Type: Bug Priority: Major
Reporter: Chris Horn Assignee: Chris Horn
Resolution: Fixed Votes: 0
Labels: None

Issue Links:
Related
is related to LU-12029 do not try to muck with max_sectors_k... Open
is related to LU-9551 I/O errors when lustre uses multipath... Resolved
is related to LU-11736 Do not apply bulk IO tuning on MDT or... Resolved
is related to LU-12297 Add an option to disable mount.lustre... Resolved
Severity: 3
Rank (Obsolete): 9223372036854775807

 Description   

I've identified two bugs or deficiencies in the l_tunedisk utility in Lustre 2.12/2.13

The first is a regression introduced by "LU-11736 utils: don't set max_sectors_kb on MDT/MGT".

The l_tunedisk path does provide sufficient information to the tune_block_dev() function for it to ascertain whether the device being tuned is in-fact an OST. The result is that tuning is not performed for any device.

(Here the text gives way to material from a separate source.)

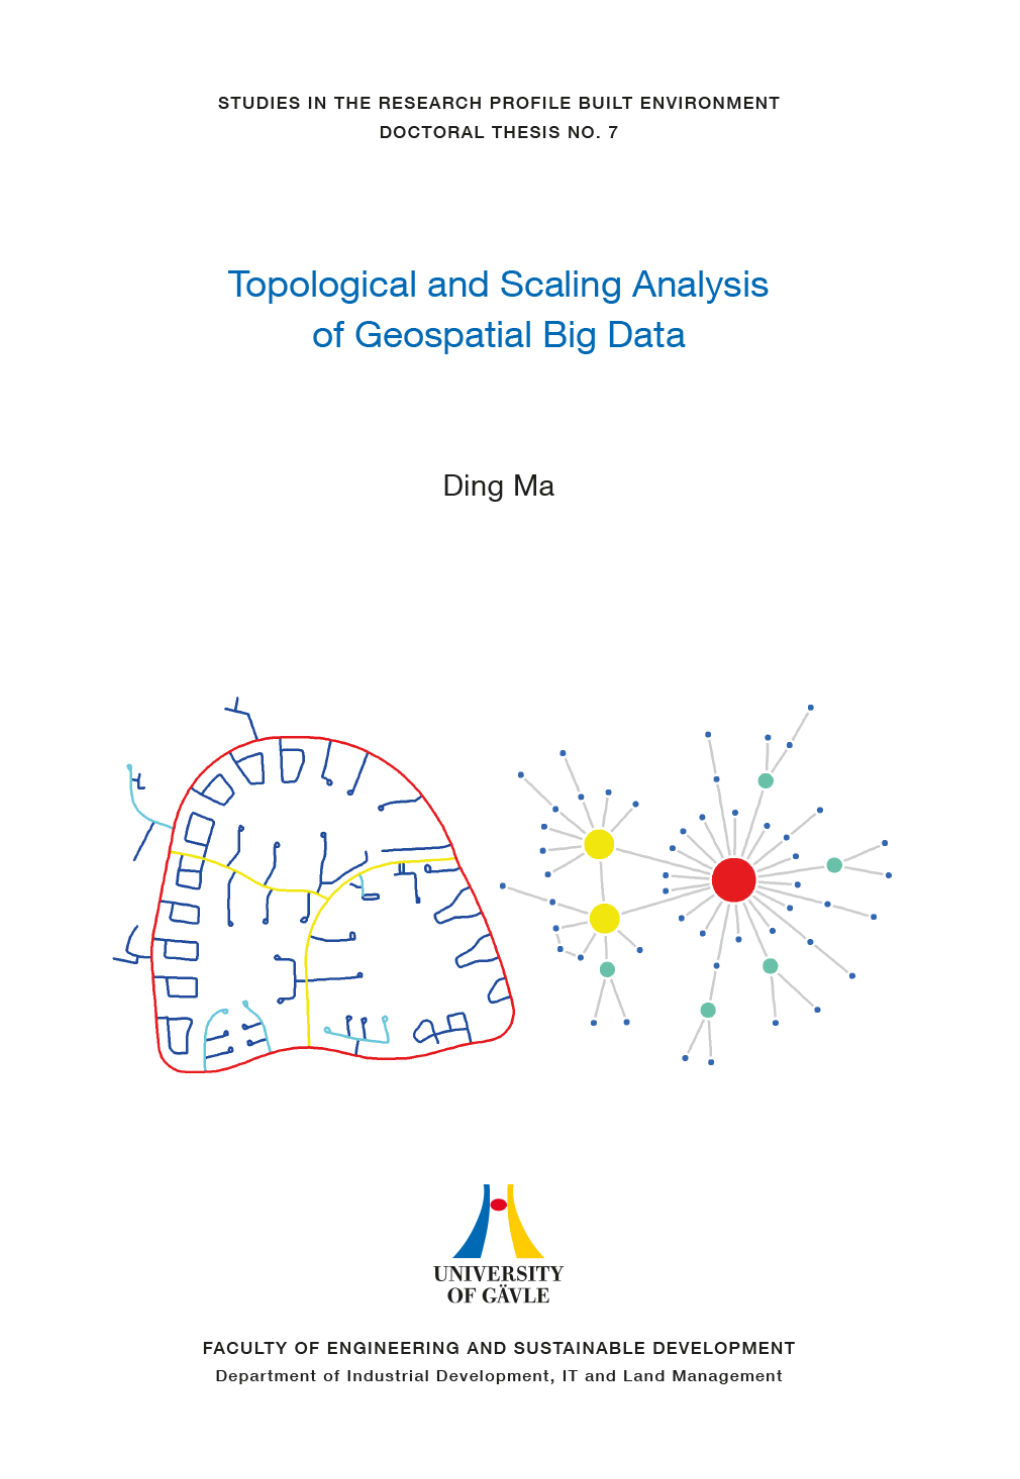 Topological and Scaling Analysis of Geospatial Big Data

I believe the solution is, after we've determined that the device has been formatted for Lustre, we should read the "lustre_disk_data" (ldd) from the device. This information is stored in the "struct mount_opts" that is passed through to the underlying tuning functions.

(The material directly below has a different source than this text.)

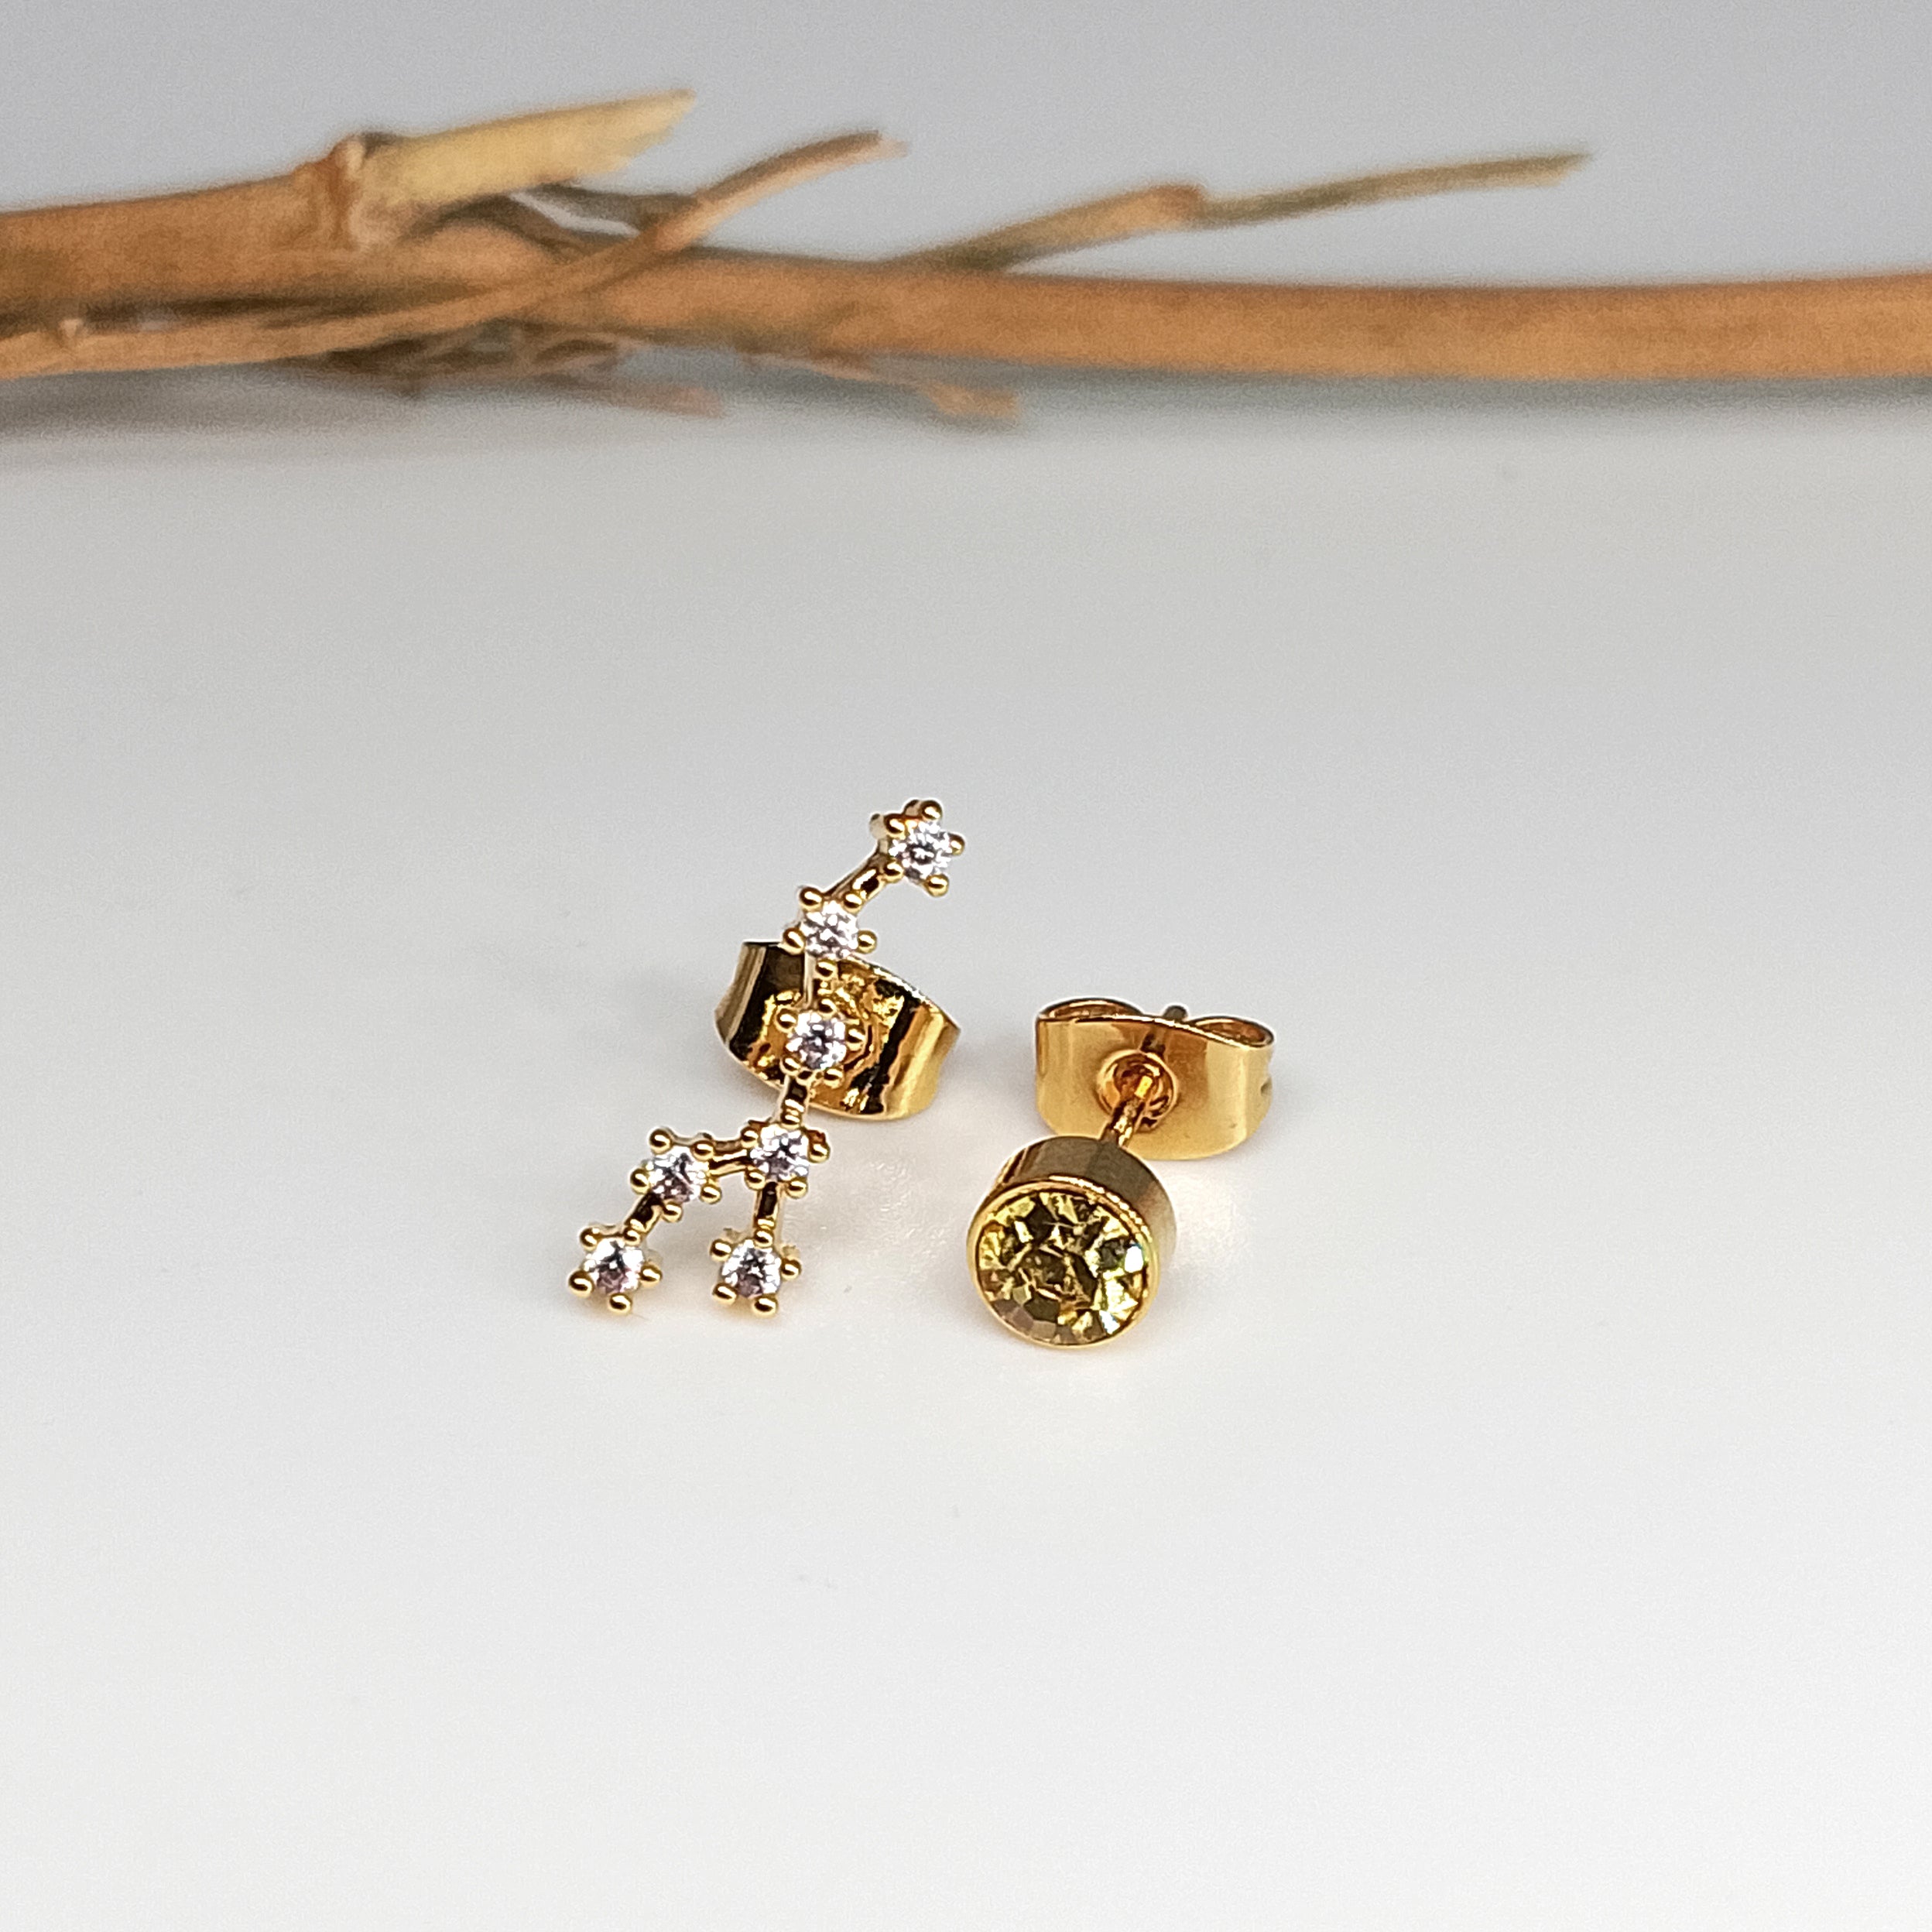 Leo Constellation Earrings - 24K Gold Plated with Amber

diff --git a/lustre/utils/l_tunedisk.c b/lustre/utils/l_tunedisk.c
index 3321fd1f0f..feecdeea77 100644
--- a/lustre/utils/l_tunedisk.c
+++ b/lustre/utils/l_tunedisk.c
@@ -45,6 +45,8 @@ int main(int argc, char *const argv[])
        struct mount_opts mop = {
                .mo_max_sectors_kb = -1
        };
+       struct lustre_disk_data *ldd = &mop.mo_ldd;
+
        char real_path[PATH_MAX] = {'\0'};
        unsigned int mount_type;
        static struct option long_opts[] = {
@@ -95,6 +97,13 @@ int main(int argc, char *const argv[])
        if (ret == 0)
                goto out;

+       ret = osd_read_ldd(mop.mo_source, ldd);
+       if (ret != 0) {
+               fprintf(stderr, "Failed to read previous Lustre data from %s "
+                       "(%d)\n", mop.mo_source, ret);
+               goto out;
+       }
+
        ret = osd_tune_lustre(mop.mo_source, &mop);

 out:

The second issue has to do with how tunings are emplaced for slave devices when the device that was initially passed to l_tunedisk is a multipath device.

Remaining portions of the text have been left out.